■ Exercise aim ■
In your reply, repeat every entry exactly and skip over each picture.

■ Excerpted records ■
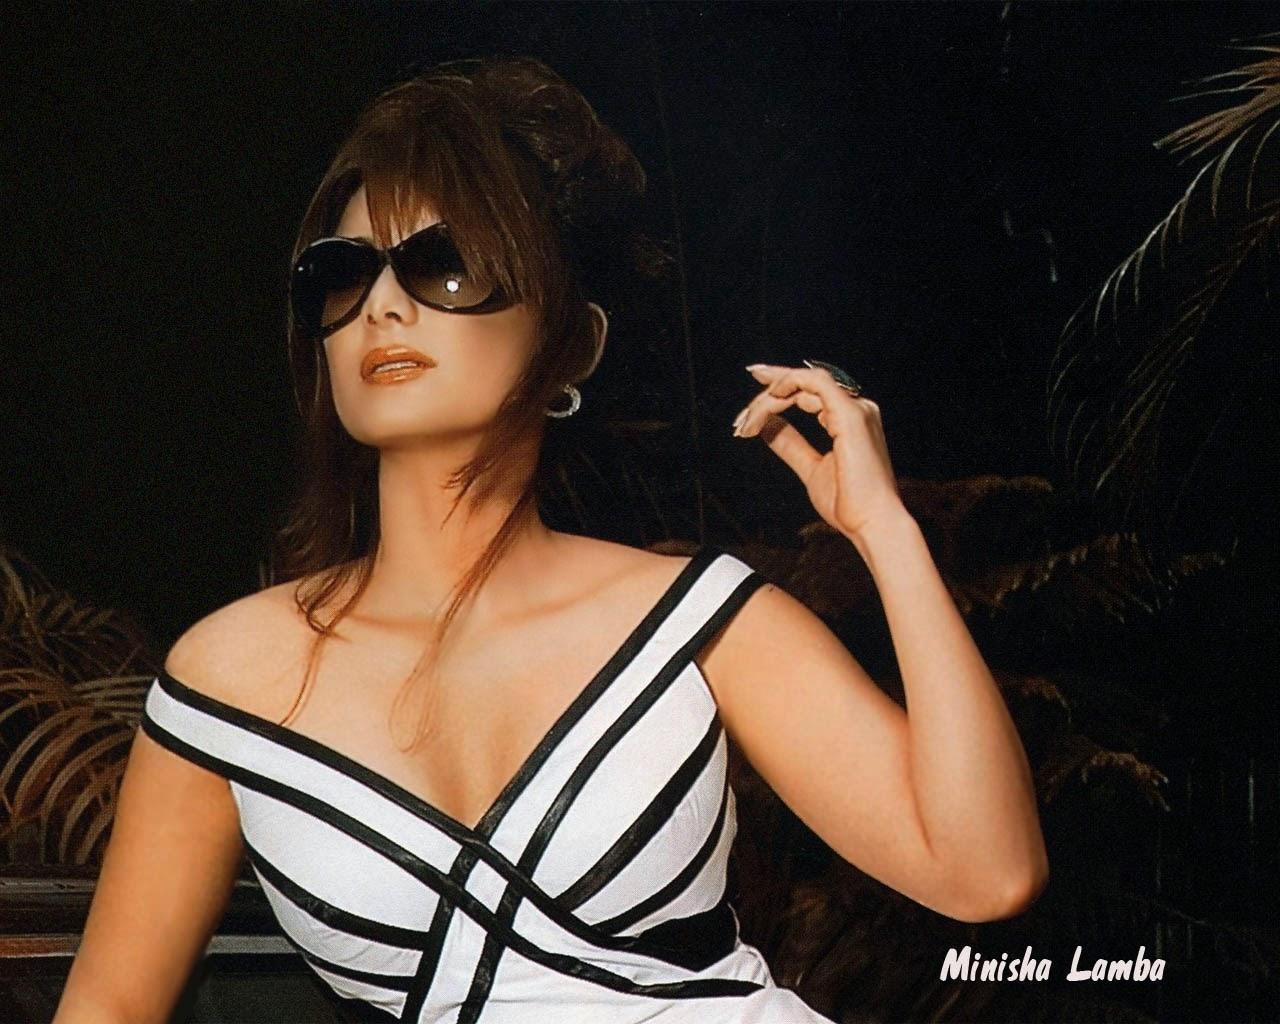 minisha lamba hot
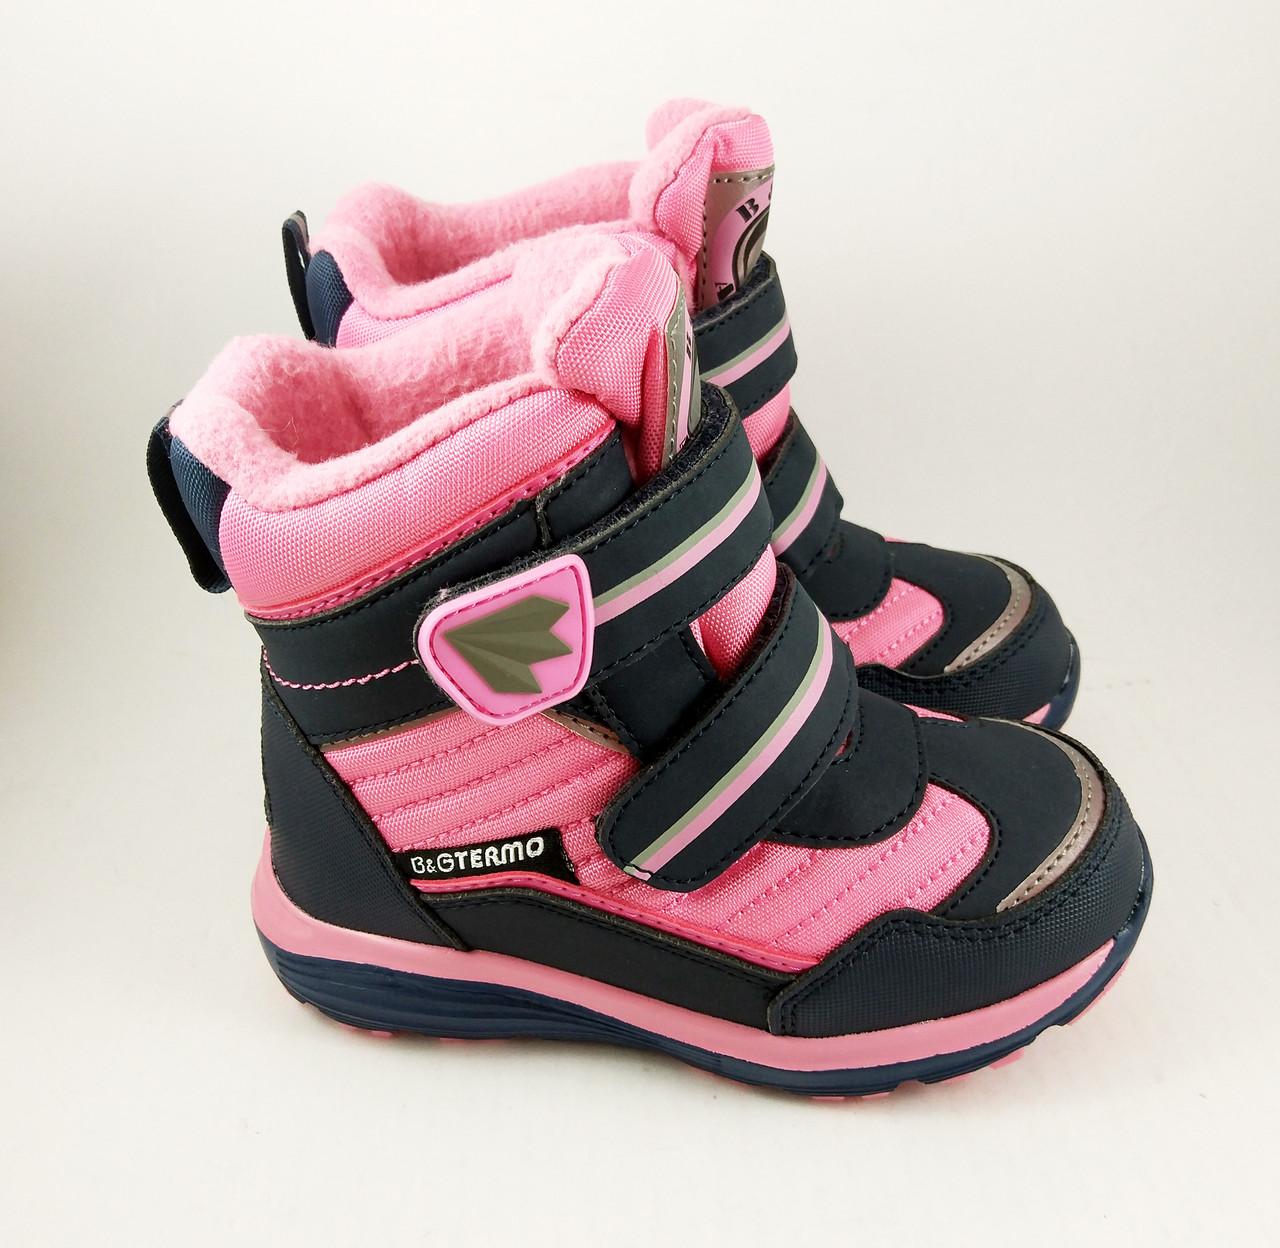 662c5f2f495bf9 Термоботинки B&G-Termo для девочек, зимняя обувь детская, черно-розовые
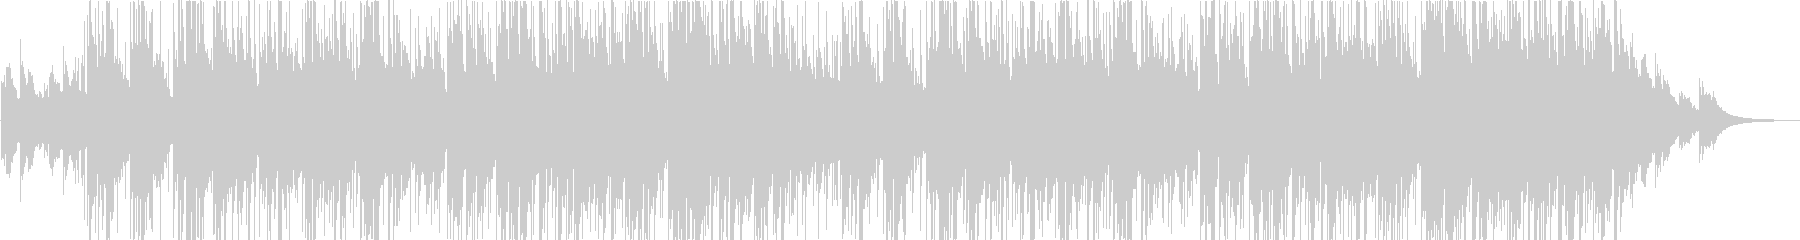 【生演奏】切なくも温かい 優しいアコギ曲の未再生の波形
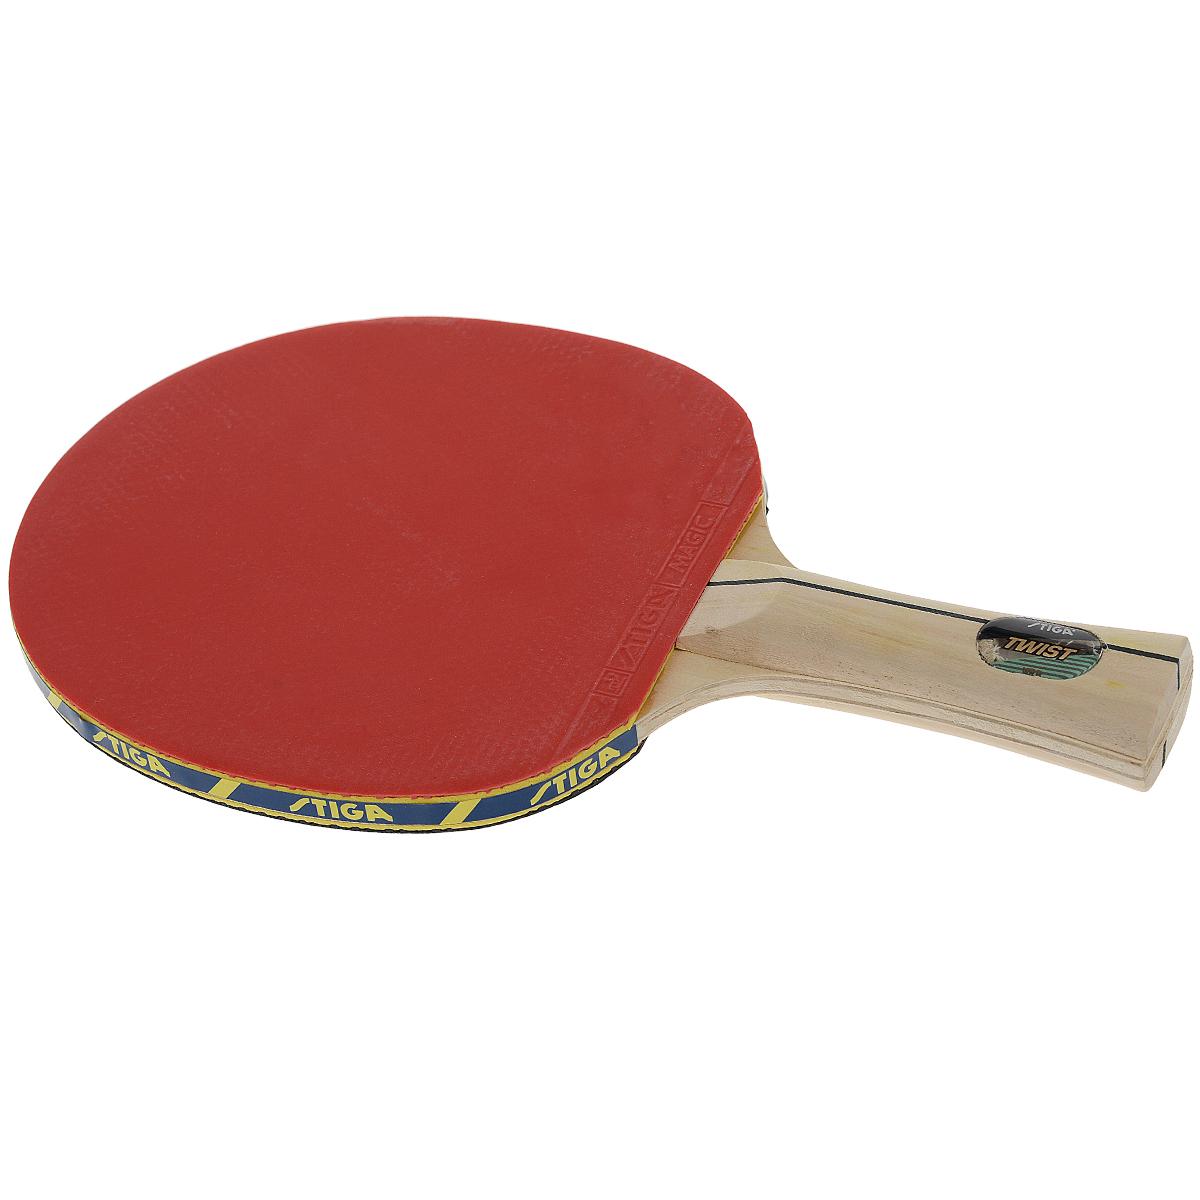 Ракетка для настольного тенниса Stiga Twist WRB26617Ракетка для настольного тенниса Stiga Twist WRB дает превосходное чувство мяча в сочетании с силой удара. Система WRB улучшает отскок, придает дополнительную силу удару и позволяет лучше чувствовать мяч. Основные характеристики: Контроль: 100. Скорость: 29. Кручение: 35. Характеристики указаны в расчете на диапазон от 0 до 100. Характеристики: Размер ракетки: 26 см х 15 см. Длина ручки: 10 см. Материал: дерево, резина. Размер упаковки: 26 см х 15 см х 2 см. Производитель: Китай. Артикул: 26617.
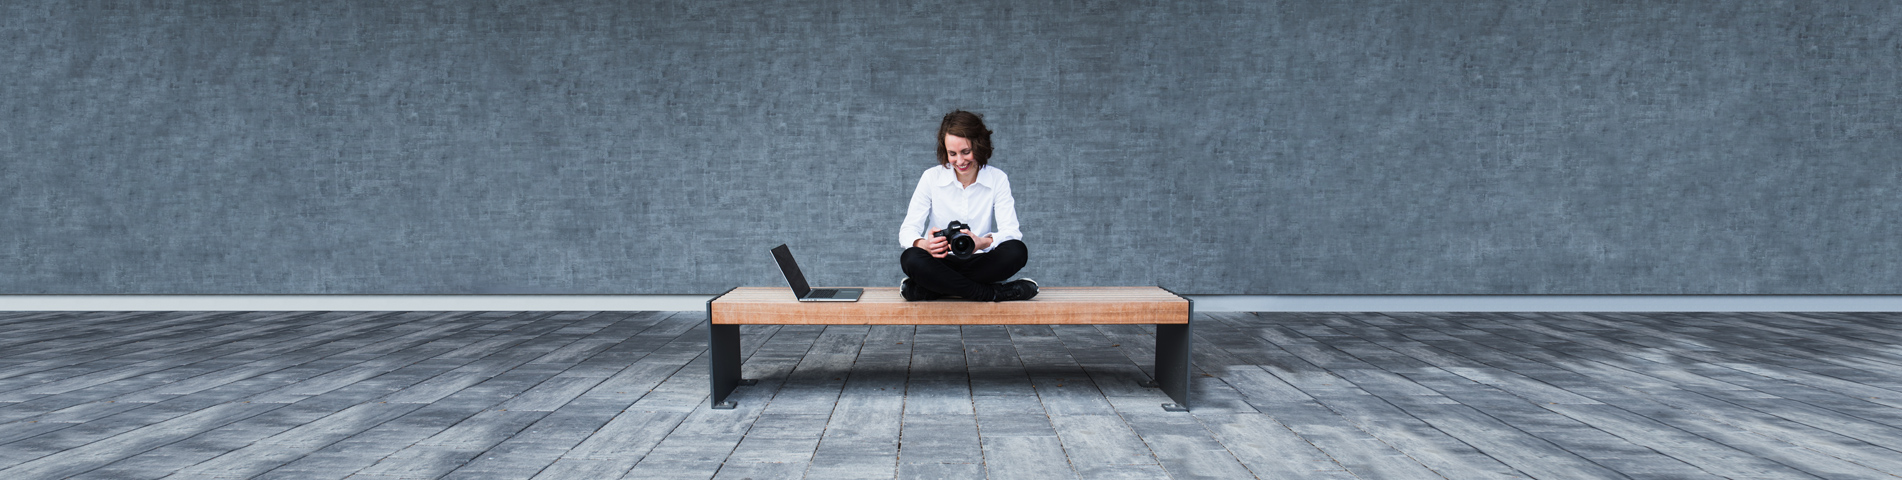 fotografie-produktfotografie-portraitfotografie-360-animationen-modefotografie-industriefotografie
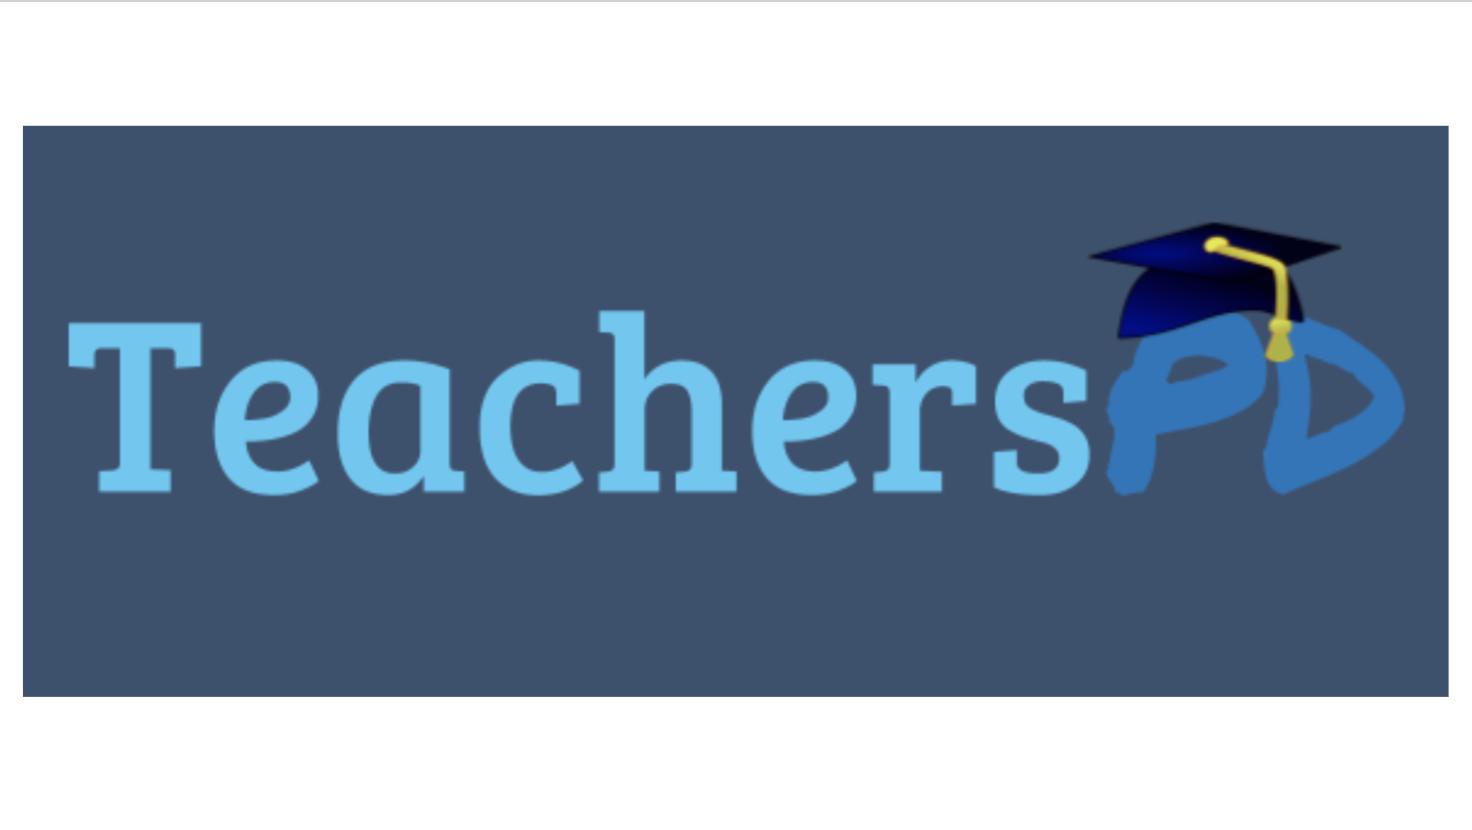 TeachersPD for Effective Teaching
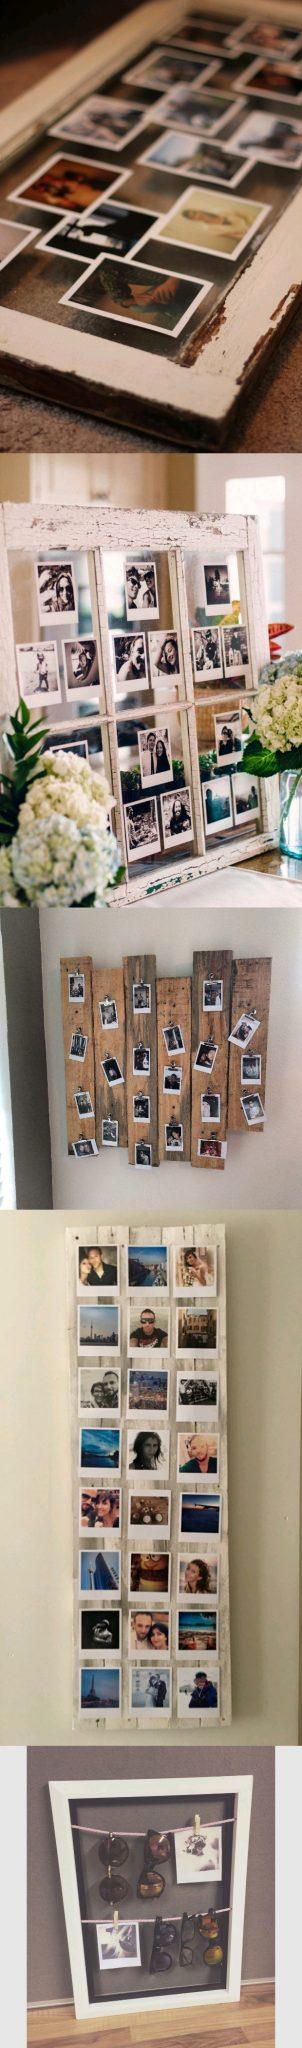 polaroid vintage frame

■ Output below ■
 minisha lamba hot
 662c5f2f495bf9 Термоботинки B&G-Termo для девочек, зимняя обувь детская, черно-розовые
 【生演奏】切なくも温かい 優しいアコギ曲の未再生の波形
 Ракетка для настольного тенниса Stiga Twist WRB26617Ракетка для настольного тенниса Stiga Twist WRB дает превосходное чувство мяча в сочетании с силой удара. Система WRB улучшает отскок, придает дополнительную силу удару и позволяет лучше чувствовать мяч. Основные характеристики: Контроль: 100. Скорость: 29. Кручение: 35. Характеристики указаны в расчете на диапазон от 0 до 100. Характеристики: Размер ракетки: 26 см х 15 см. Длина ручки: 10 см. Материал: дерево, резина. Размер упаковки: 26 см х 15 см х 2 см. Производитель: Китай. Артикул: 26617.
 fotografie-produktfotografie-portraitfotografie-360-animationen-modefotografie-industriefotografie
 TeachersPD for Effective Teaching
 polaroid vintage frame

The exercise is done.